Retired Sheffield nurse, midwife and health visitor Gwen Wilson left the comfort of her Hunters Bar home to spend four weeks helping refugees in camps on the border between Libya and Tunisia with the British Red Cross. Here is her letter home
It is 9am on what looks like being another very hot day in this desert area. Today the Federation of the Red Cross is opening its own camp for migrant workers displaced because of the fighting in Libya. It is seven kilometres from the border.
The first bus full of over 70 people has just arrived and they get off the bus looking tired and apprehensive. They are directed down towards the camp registration tent pulling bulging suitcases and carrying a whole variety of belongings from blankets to electrical equipment.
There are many single men and a few families. Some of the women have babies strapped to their backs and young children stumble along behind them in the sand.
I am working at this border area as part of the British Red Cross Mass Sanitation Emergency Response Unit. There are four of us in the team – a specialist support worker, a sanitation engineer, the team leader and me.

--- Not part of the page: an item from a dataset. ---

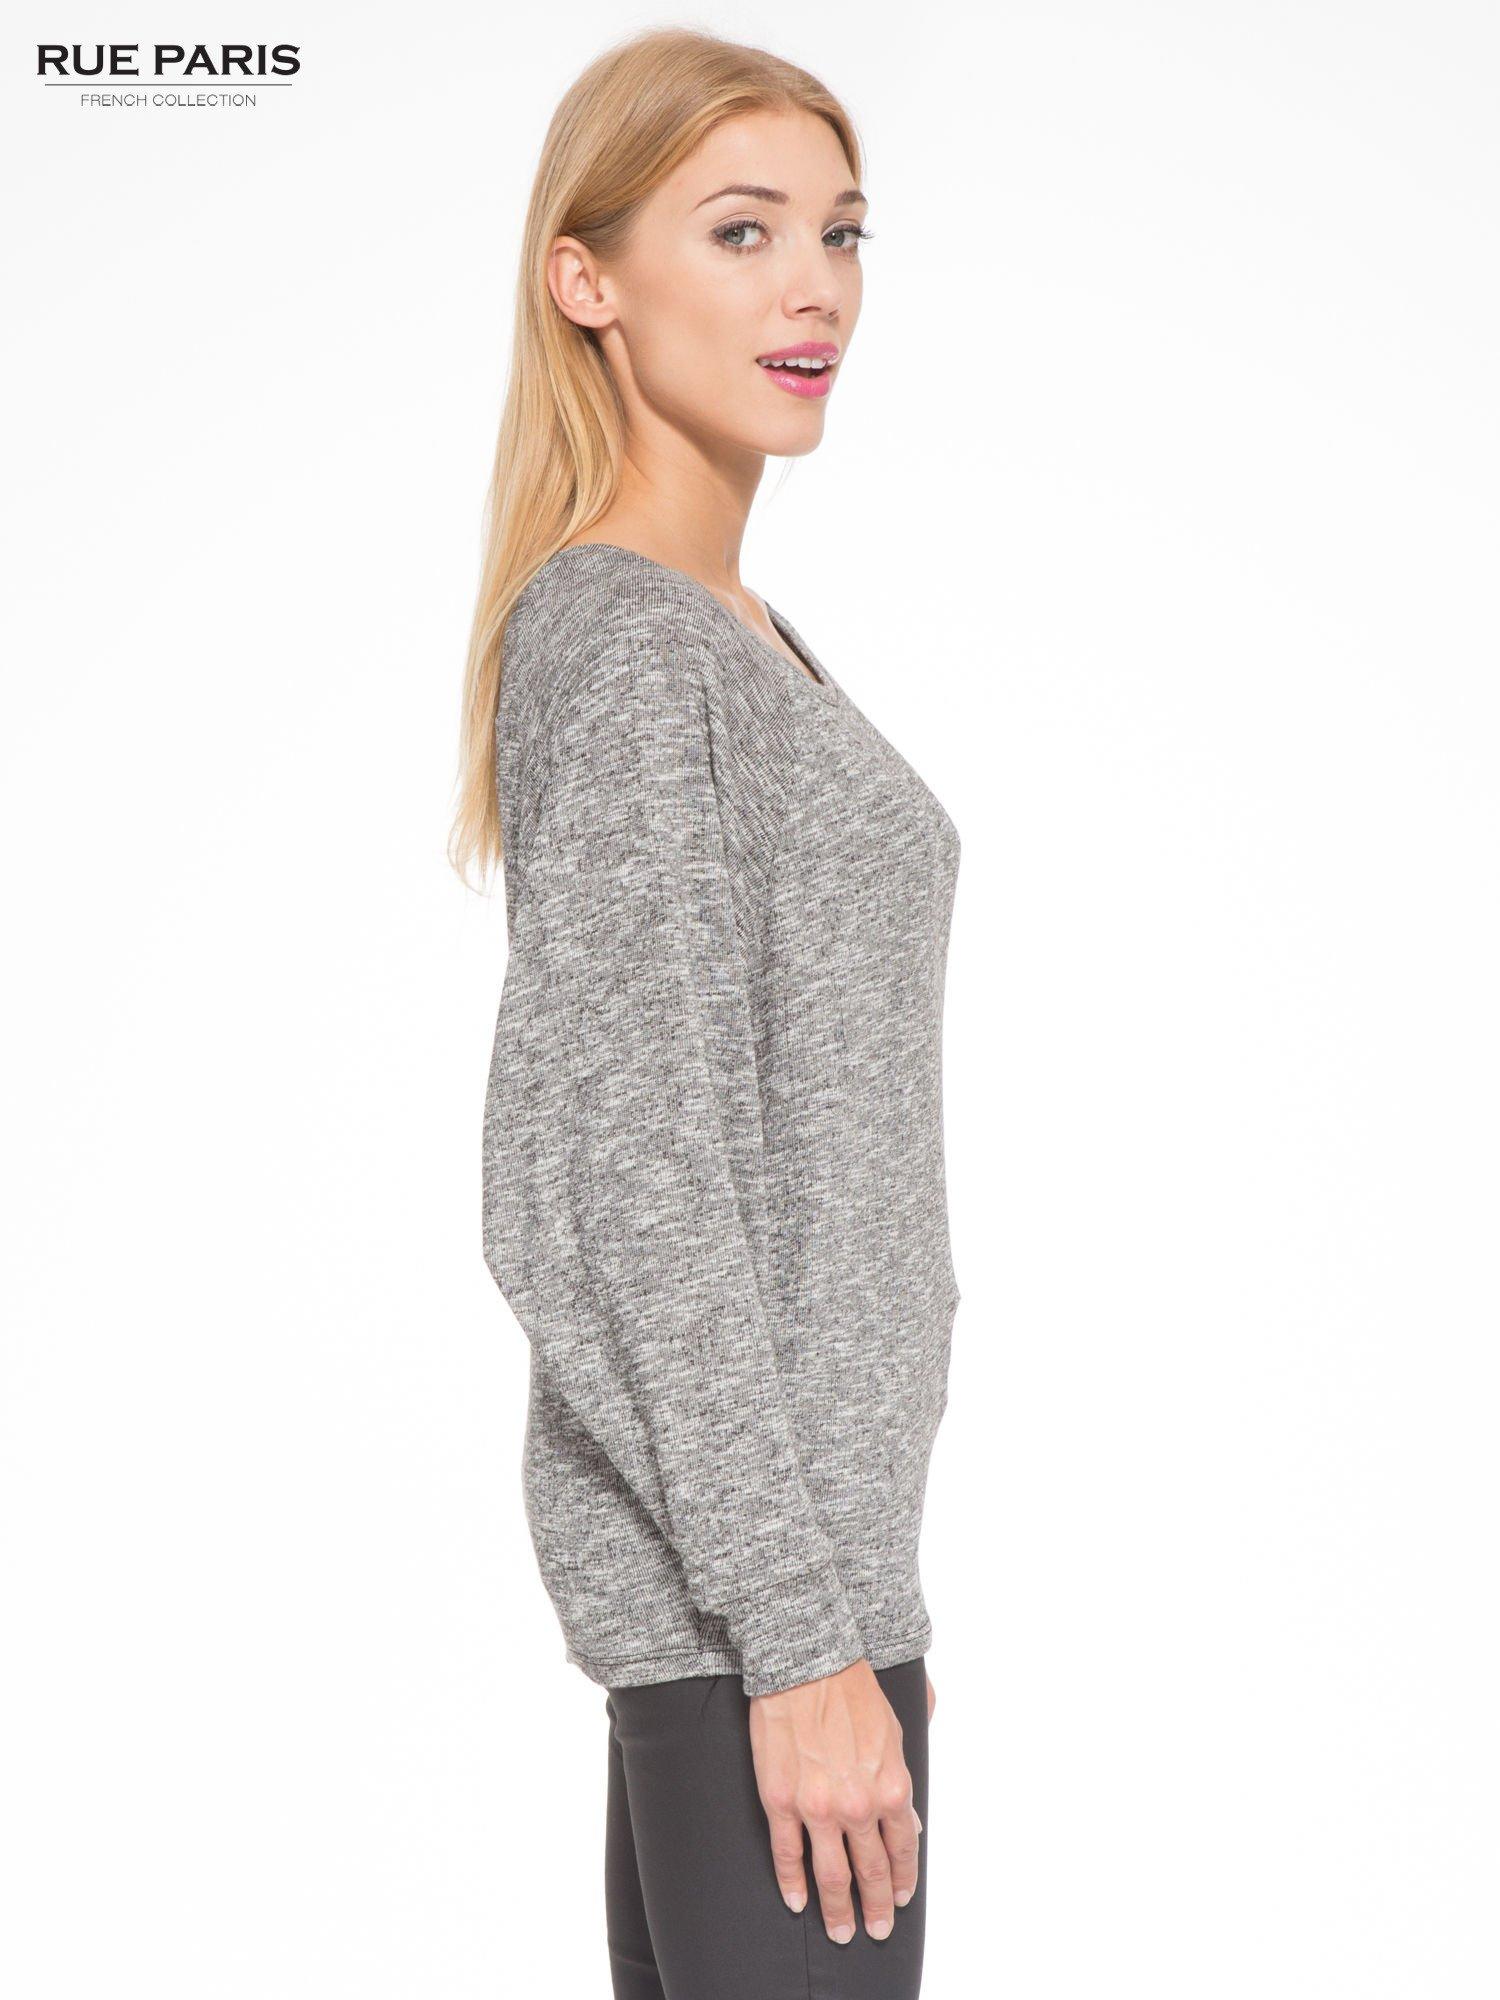 Szary melanżowy sweter z nietoperzowymi rękawami                                  zdj.                                  3

My role is in public health and hygiene promotion. We have been here for four weeks and until today worked in a camp two kilometres away. This camp was the first to be set up at the border by the UN Refugee Agency UNHCR and the military in response to the humanitarian crisis in Libya. It is an enormous sprawling camp. But now the Federation of the Red Cross’ own camp is ready.
This is an unusual situation. Unlike most other humanitarian crisis situations where the majority of people are likely to be from one national group and where many are women and children, here there are more than 36 different nationalities and 90 per cent are young men.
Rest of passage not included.